The Ideal Gas Law is a fundamental equation used to relate the pressure, volume, temperature, and number of moles of a gas. It is typically expressed as \( PV = nRT \), where:

• \( P \) is the pressure of the gas,
• \( V \) is the volume,
• \( n \) is the number of moles,
• \( R \) is the ideal gas constant,
• \( T \) is the temperature in Kelvin.

This equation allows us to determine any one of these variables if the others are known. In the context of the given problem, the volume of \( \text{CO}_2 \) gas produced was provided, and the assumption of standard conditions allowed for the calculation of moles of gas using the ratio \( \frac{112\,\text{ml}}{22400\,\text{ml/mol}} = 0.005 \text{ mol} \). Thus, the Ideal Gas Law is a convenient tool for bridging relationships in gas reactions.

Thermal decomposition refers to the breakdown of a chemical compound through the application of heat. Not all compounds decompose at the same temperature. In this exercise, we focus on the decomposition of \( \mathrm{NaHCO}_3 \) (sodium bicarbonate) when heat is applied:

• The reaction is \( 2\mathrm{NaHCO}_3 \rightarrow \mathrm{Na}_2\mathrm{CO}_3 + \mathrm{CO}_2 + \mathrm{H}_2\mathrm{O} \).

This illustrates how \( \mathrm{NaHCO}_3 \) breaks down into sodium carbonate \( (\mathrm{Na}_2\mathrm{CO}_3) \), carbon dioxide \( (\mathrm{CO}_2) \), and water \( (\mathrm{H}_2\mathrm{O}) \), releasing \( \mathrm{CO}_2 \) gas. It's important to note that \( \mathrm{Na}_2\mathrm{CO}_3 \) itself remains stable and does not decompose at the temperature used in the experiment. Understanding which compound decomposes and which doesn't is crucial for solving such exercises because it determines the source of the gas produced.

Chemical reactions are processes where reactants are transformed into products, involving change in chemical composition and properties. In our scenario, sodium bicarbonate \( (\mathrm{NaHCO}_3) \) undergoes a thermal decomposition reaction:

• This reaction specifically transitions \( \mathrm{NaHCO}_3 \) to \( \mathrm{Na}_2\mathrm{CO}_3 \), \( \mathrm{CO}_2 \), and \( \mathrm{H}_2\mathrm{O} \).

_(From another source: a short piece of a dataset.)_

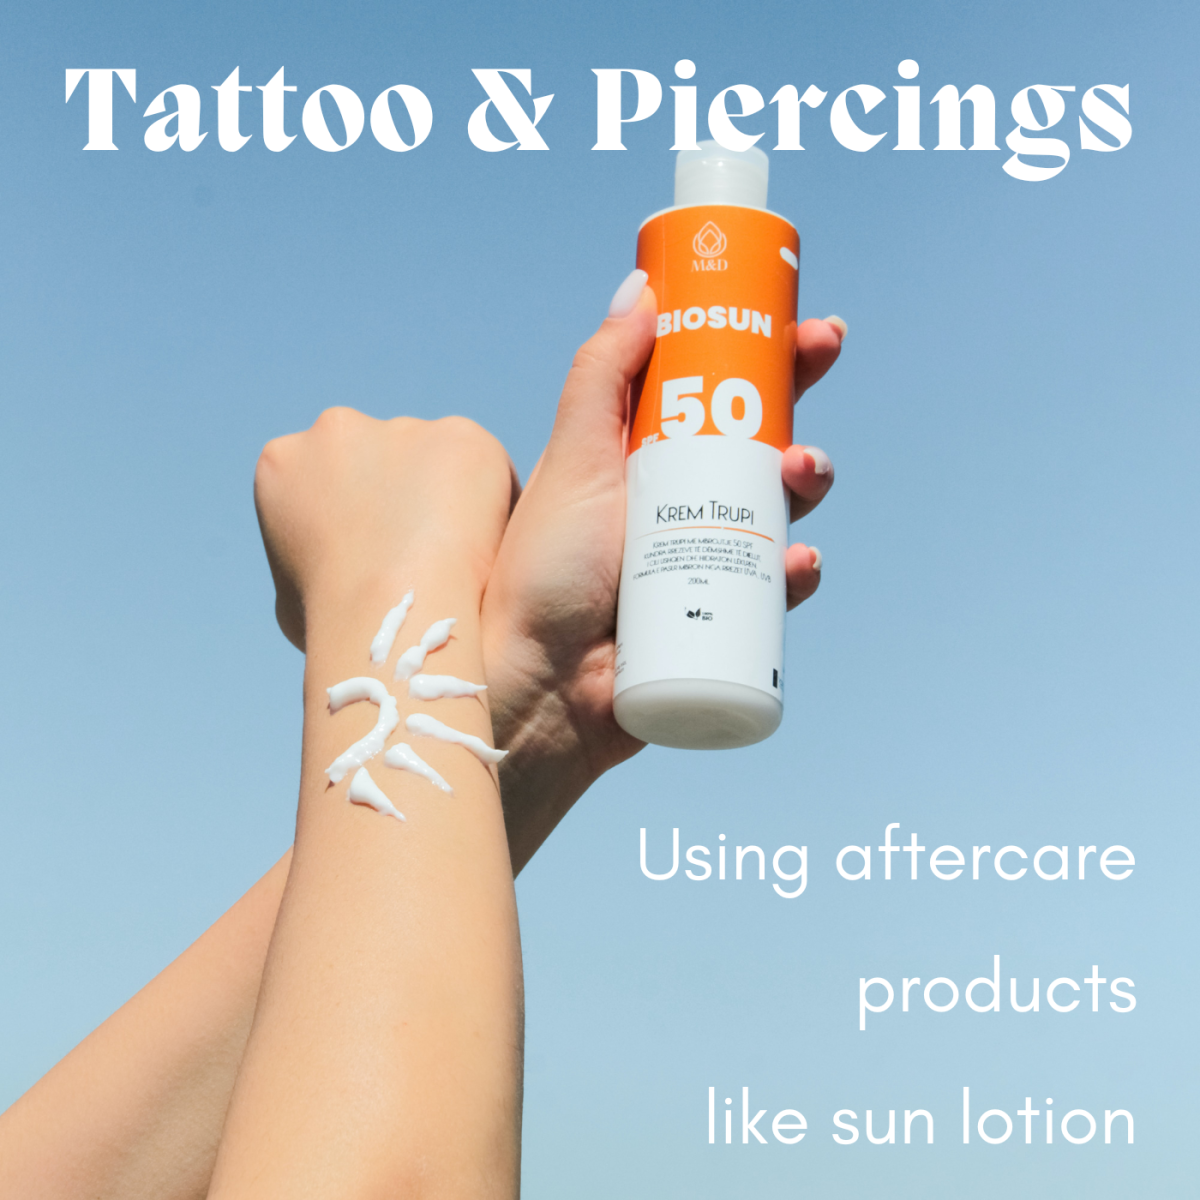 This article discusses tattoo and piercing aftercare, including thoghts on lotions like Savlon, Nivea, and even sunblock.

Such reactions are key in determining stoichiometry, where balanced chemical equations help predict the quantities of products formed. Understanding stoichiometry allows us to decipher the number of moles and ultimately the mass of the reactants and products. Hence, analyzing chemical equations gives insights into the reaction mechanisms and the thermochemical changes occurring. This knowledge supports correct calculations of how much \( \mathrm{NaHCO}_3 \) is needed to produce a given volume of \( \mathrm{CO}_2 \).

Percentage composition refers to the percentage by mass of each element or component in a compound or mixture. It's an essential aspect for quantifying components in chemical reactions.

• In this exercise, the goal was to determine the percentage of \( \mathrm{Na}_2\mathrm{CO}_3 \) in the mixture after \( \mathrm{NaHCO}_3 \) decomposed.

By calculating the mass of \( \mathrm{NaHCO}_3 \) based on the \( \mathrm{CO}_2 \) produced and subtracting from the total mixture mass, it is possible to find the mass of \( \mathrm{Na}_2\mathrm{CO}_3 \). The percentage is then calculated using: \( \frac{\text{mass of } \mathrm{Na}_2\mathrm{CO}_3}{\text{total mass}} \times 100 \). This method of calculation, combined with the lack of decomposition of \( \mathrm{Na}_2\mathrm{CO}_3 \), allows the determination of its percentage in the mixture, leading to the conclusion that it comprised \( 84 \% \) of the mixture, suggesting effective distribution understanding within the chemical system.